## HOW TO COMPLETE THIS TASK:
From the records below, print only the part that opens with the line containing "Buffway Slim Minimalist" and closes with the line containing "Breading a cinnamon bun."; omit the pictures.

## RECORDED DATA:
"""

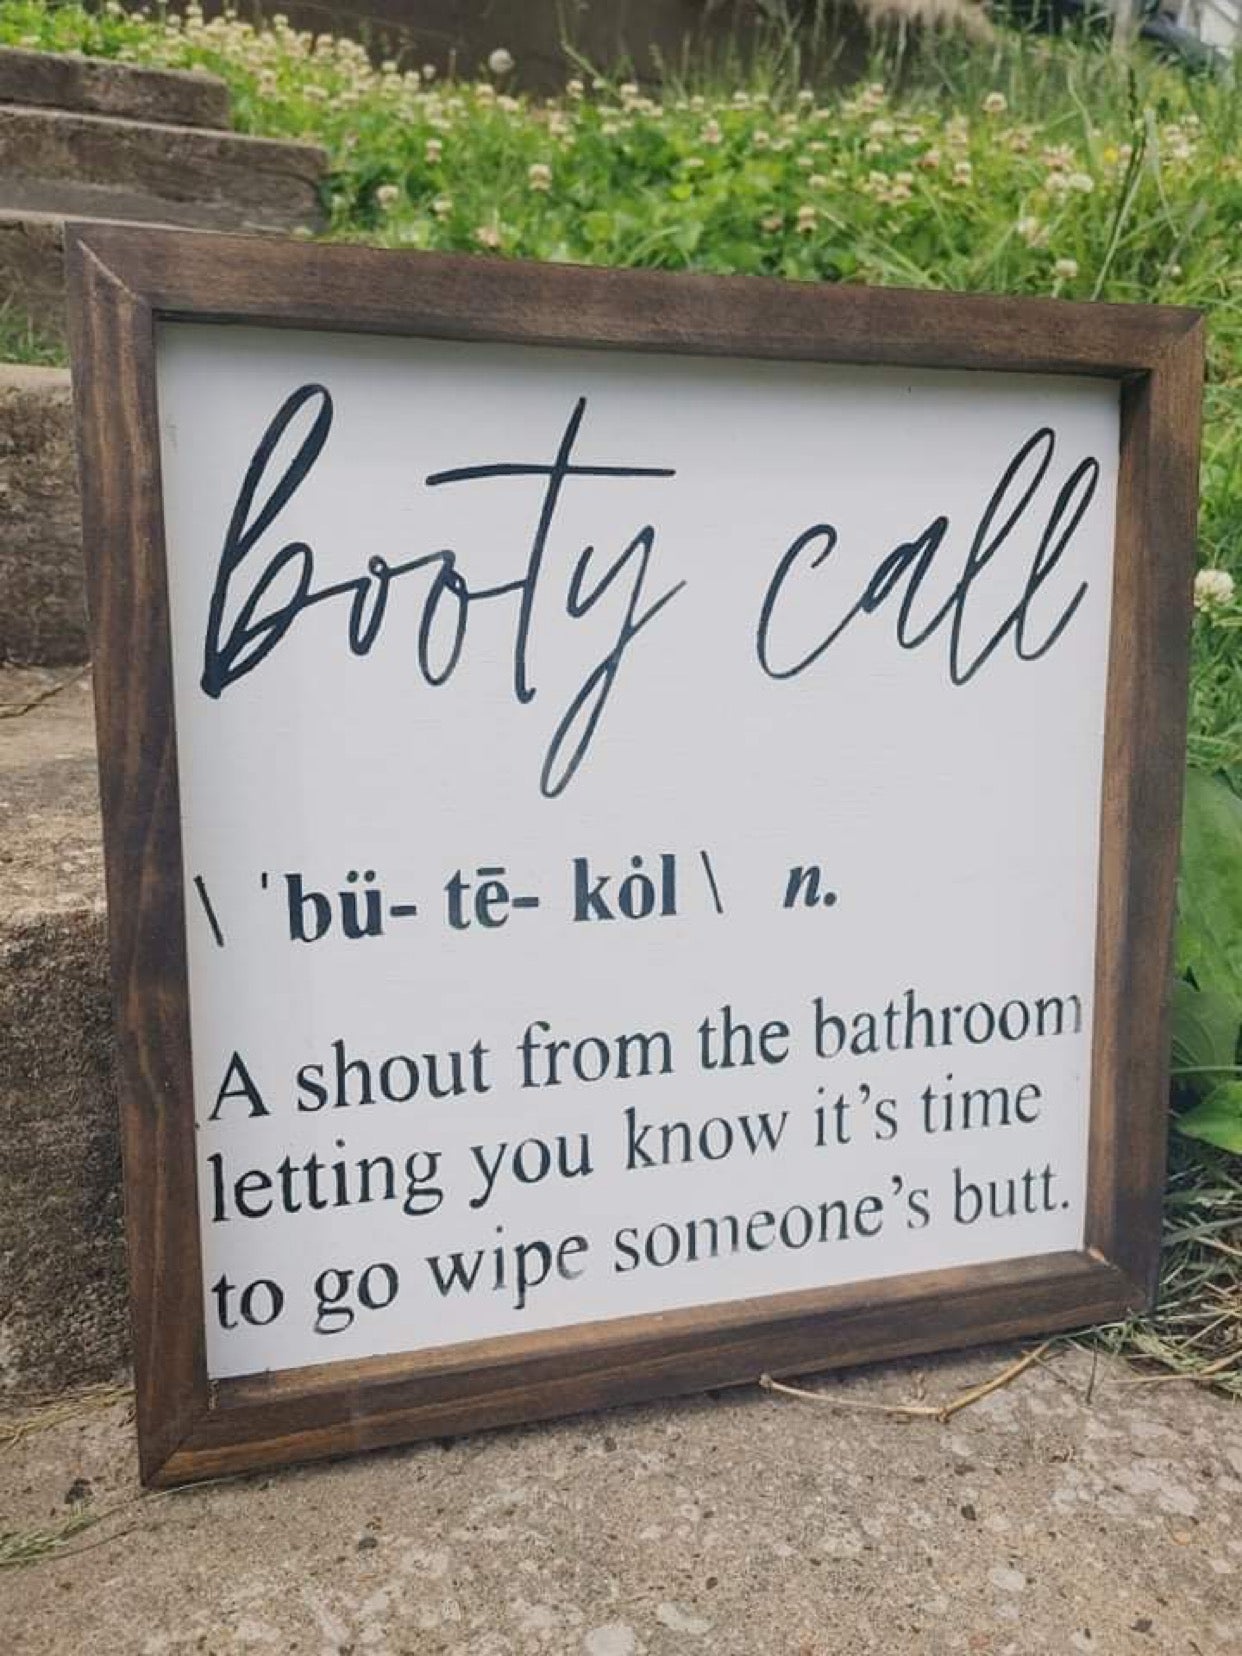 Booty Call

"""
"""

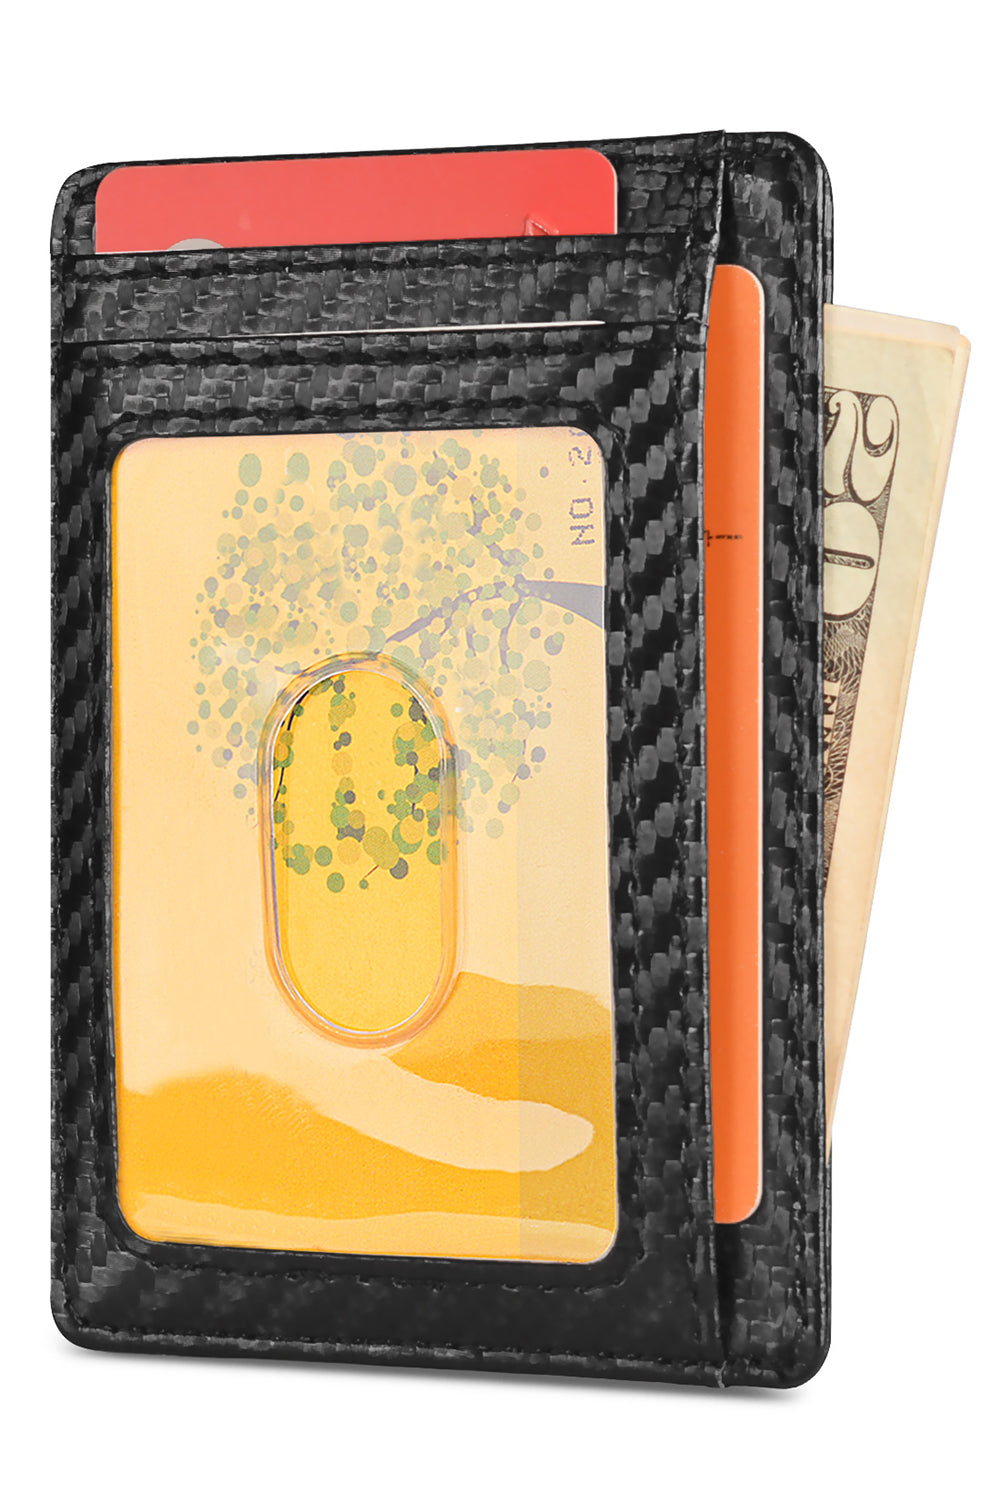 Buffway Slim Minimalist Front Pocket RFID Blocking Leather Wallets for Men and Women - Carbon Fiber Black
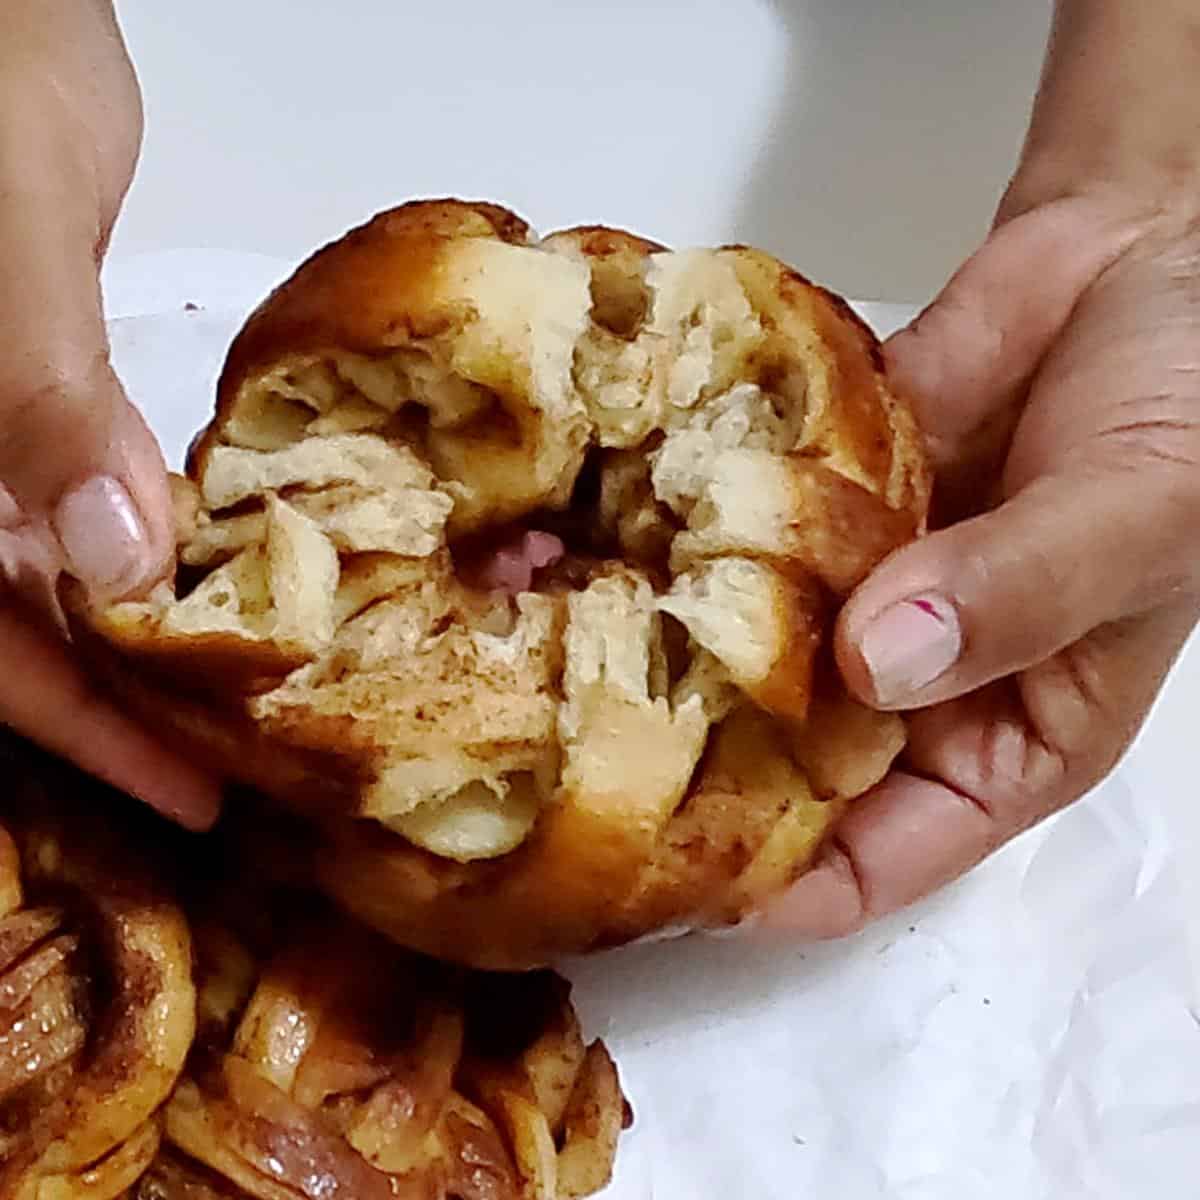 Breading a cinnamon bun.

"""

## ANSWER SPACE:
 Buffway Slim Minimalist Front Pocket RFID Blocking Leather Wallets for Men and Women - Carbon Fiber Black
 Breading a cinnamon bun.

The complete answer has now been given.